To configure the pipeline, options can be set in the :file:`Makefile` in the
:term:`working directory`.

Options that might need to be changed:

   PARAM_PSQL_DATABASE
      The psql database

   PARAM_PSQL_HOST
      The psql host

   PARAM_PSQL_USER
      The psql username

Running the pipeline
--------------------

The pipeline uses makefiles to control script logic. Before executing any make commands,
run::

        source setup.csh

to update your paths and other environment variables.

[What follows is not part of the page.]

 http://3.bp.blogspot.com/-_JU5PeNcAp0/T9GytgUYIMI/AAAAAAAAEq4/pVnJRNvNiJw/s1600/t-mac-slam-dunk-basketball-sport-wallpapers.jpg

Before first running the pipeline, some maintenance work need to
be performed like creating the database schema and the tables.
To prepare the pipeline, run::

   make prepare

This needs to be done only once. 

To run the pipeline, type::

   make all

Gpipe writes status messages to the file :file:`log`
in the :term:`working directory`.

Results
-------

Results of the gpipe run are stored in the psql database.

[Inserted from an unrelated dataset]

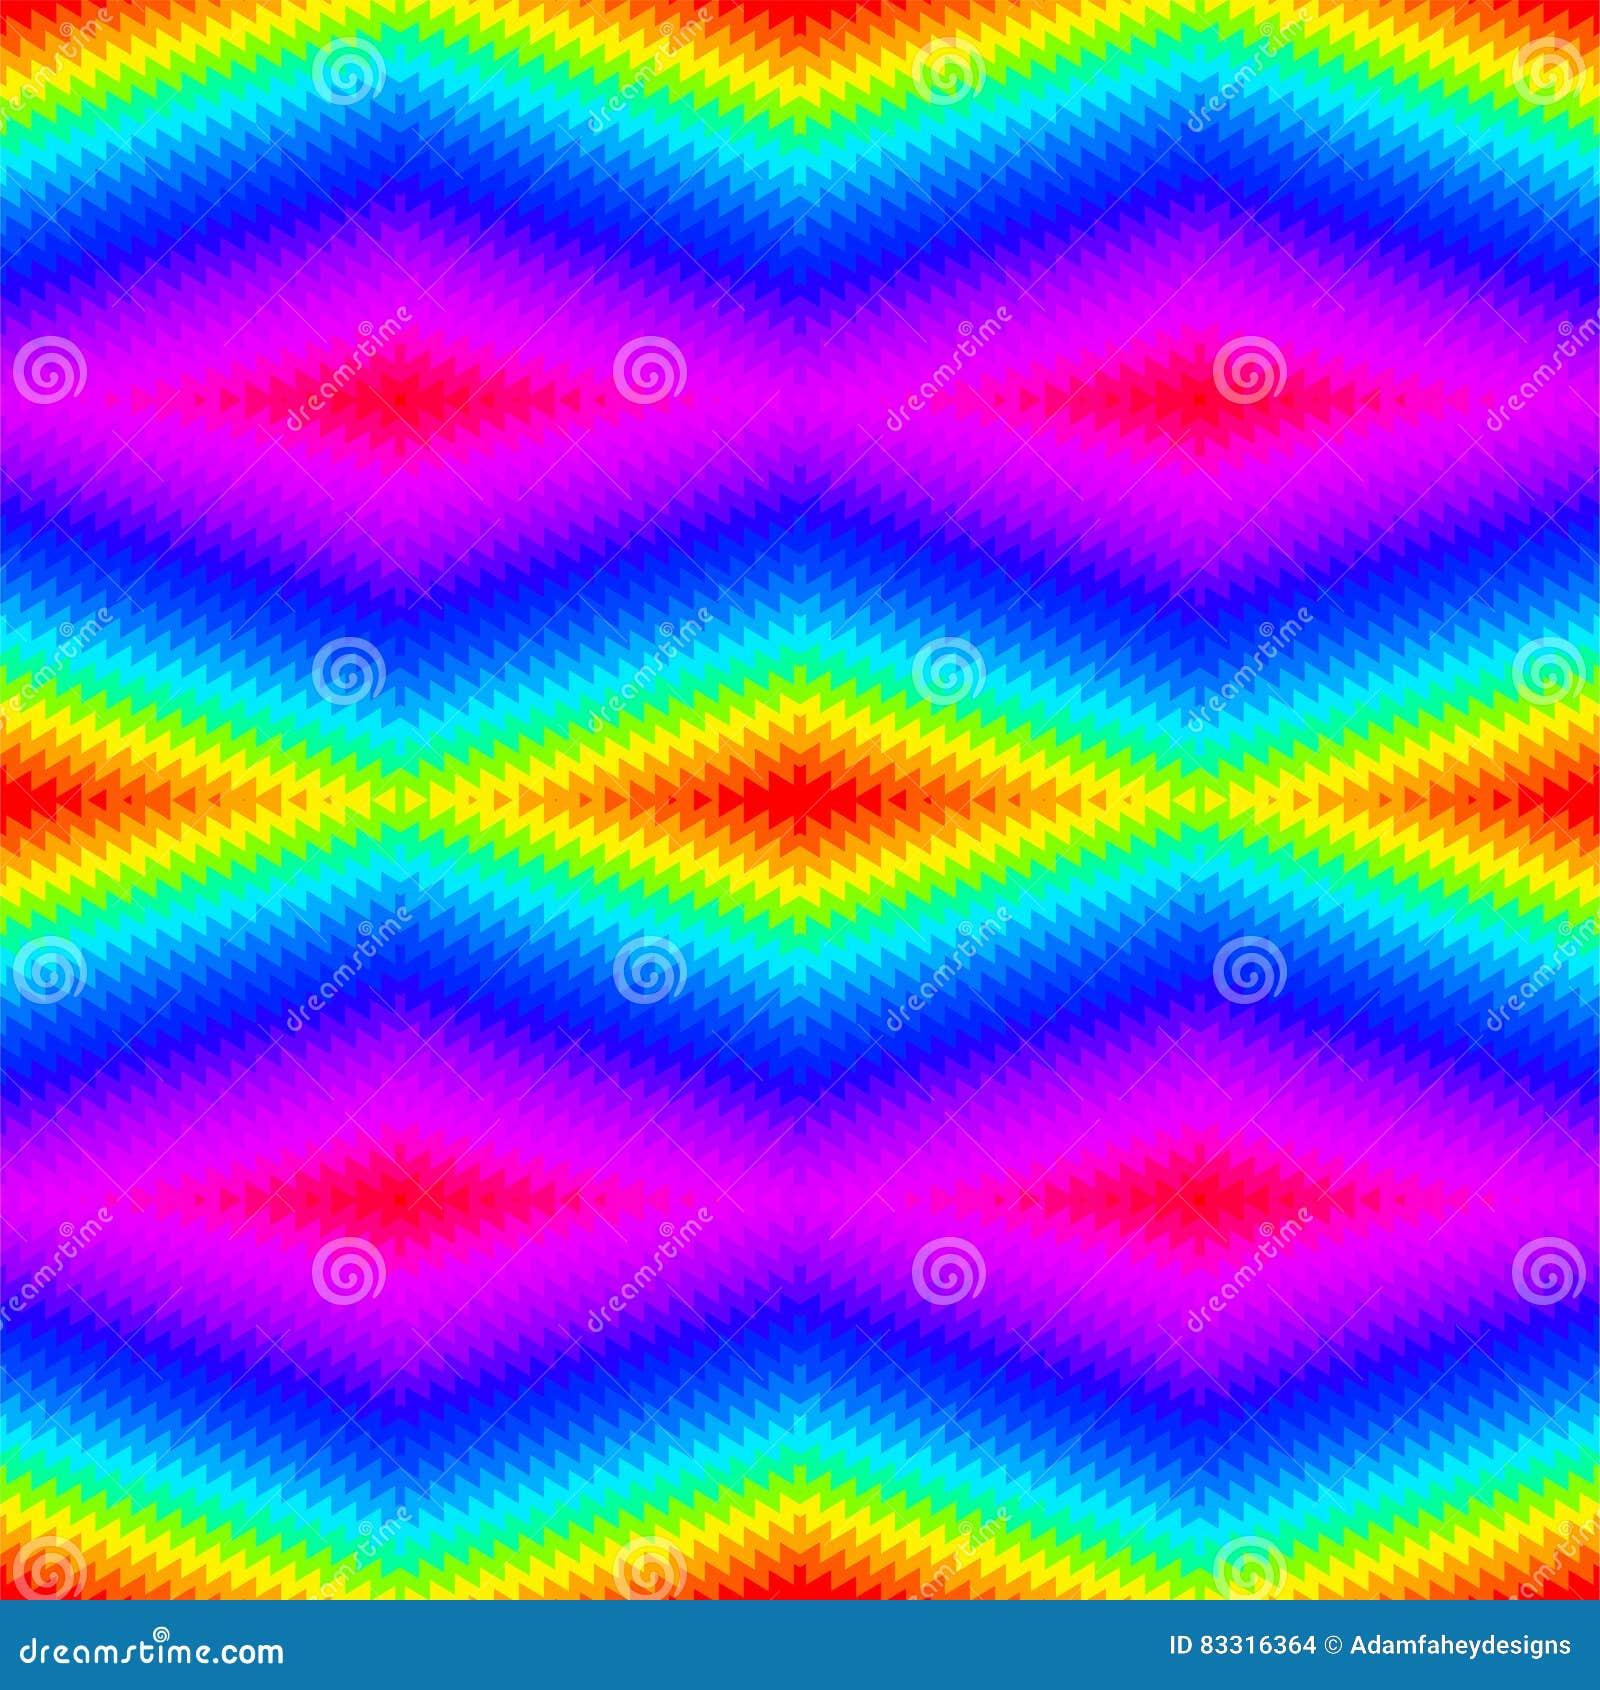 seamless repeating tie dye - photo #13

The view ``overview`` aggregates most results into a single
table for easy access.

Troubleshooting
---------------

If something goes wrong, the first step is to look at
the command line that caused the problem. To see the command
executed, run::

   make -n <target>

We use Sun Grid Engine as job queueing system and assume that for all nodes
the code and data can be reached via the same mount point. All jobs that are run on
the cluster are prefixed by the MAKE variable $(CMD_REMOTE_SUBMIT). You can set this
variable to the empty string to run everything locally or on a mosix cluster:

        make all CMD_REMOTE_SUBMIT=


Steps
-----

The pipeline proceeds in 12 steps, which are:

Step1
	Masking of protein sequences  
Step2
	Selecting representative transcipts to search with
Step3
	Running exonerate    
Step4
	Running TBLASTN (disabled)
Step5	
	Collating putative gene-containing regions
Step6	
	Predicting genes for representative transcripts.
Step7
	Predicting genes for redundant (alternative) transcripts
Step8	
	Predicting genes for member sequences  
Step9	
	Analysing the predictions  
Step10
	Quality control of predictions  
Step11
        Removing redundant/erroneous predictions
Step12
        Filter by ks (optional)

Glossary
---------
.. glossary::

   working directory
     The working directory. Location of the data files and results. All commands in this tutorial are 
     executed in the working directory.

   source directory
     The location of the source code. The place where the script :file:`setup.py` resides.